[I’m borrowing a page from last year, just because it seems appropriate for today…]

Even in the dark days following Christ’s death, strange and hopeful things occurred that must have given His daunted disciples some pause to think.

They must have heard how the heavy Temple veil had torn down the middle the moment He gave up His Spirit. That had to mean something.

They must known about, some must have themselves experienced, strange sightings since then of people long dead and buried in the tombs, now walking around in the city (Matt. 27:50-53). Like what they had witnessed at Lazarus’ cave. Chief priests and elders had wanted to kill Lazarus again, but instead other people had joined him in arising.

What could all this mean? Even in their dazed state might Christ’s disciples not have felt some vague unvoiced anticipation? He had said, “Destroy this temple, and I will raise it again in three days.” Everyone seemed to have taken this to mean the stone temple in Jerusalem. But what if He had meant something else? And what about His answer to his opponents’ demand for a sign? He had replied that no sign would be given but that of Jonah the prophet (Matt. 12:39). What sign had accompanied Jonah but three days in the depth of darkness, followed by his catapulting back out into the light?

Yet any hopes like that must have merely flickered. For when Mary Magdalene went to the tomb the first morning of the next week to find it empty, she ran to the disciples crying that someone must have taken His body and  she didn’t know where (John 20:1-2). Even when she saw the Master herself, she was slow to believe it was really Him (John 20:14-16). And once she and the other women did, and ran to tell the others, these couldn’t believe till their own eyes beheld Him (Luke 24:9-11), or their own hands felt His wounds (John 20:25-28).

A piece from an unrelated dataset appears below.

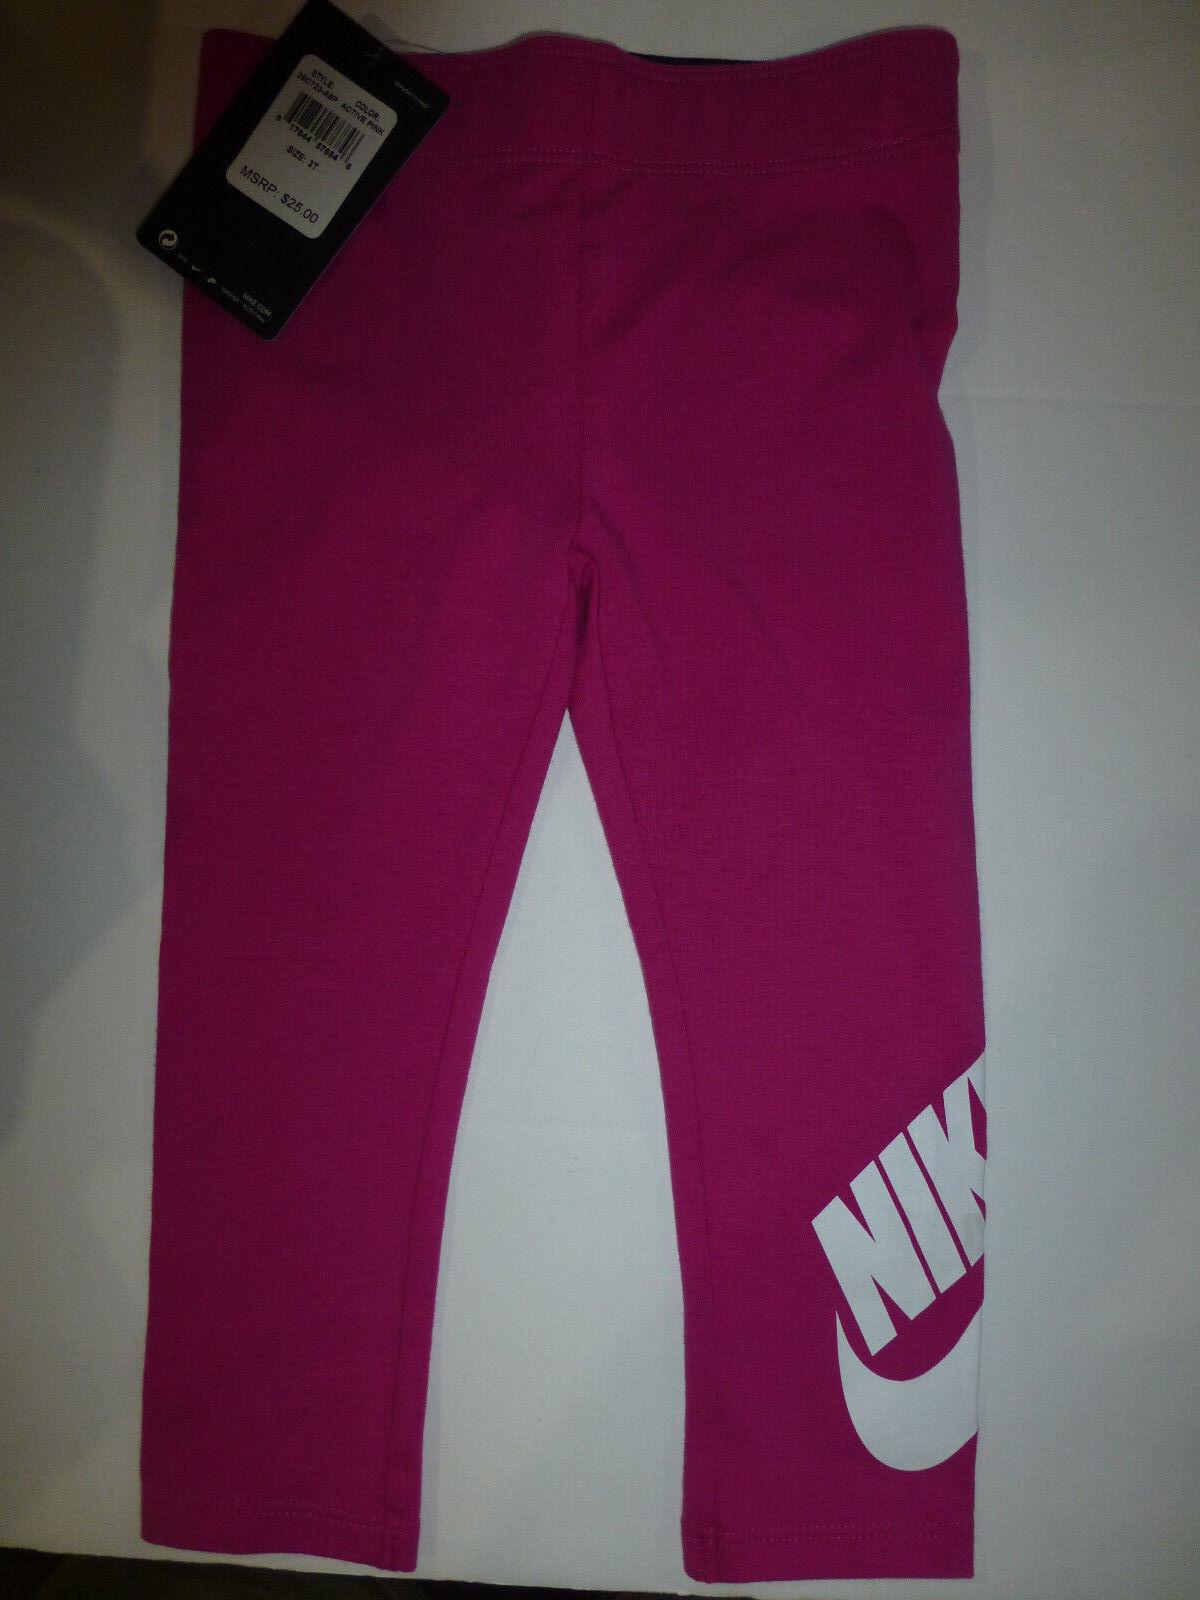 Nike Little Girls Active Pink Elastic Waist Leggings Pants 26C723 New 3T  for sale online

How like that we can be when times grow black! How easy it is to allow the darkness to extinguish even reasonable hopes!

In the deepest darkness, let’s still look for the glimmers of light. Let’s remember the amazing things God has done in the past. Let’s search the word for promises, even the promises we don’t understand. Let’s wait, if we must, in darkness. But let’s wait in anticipation of eventual better things from God. Let’s wait in hope.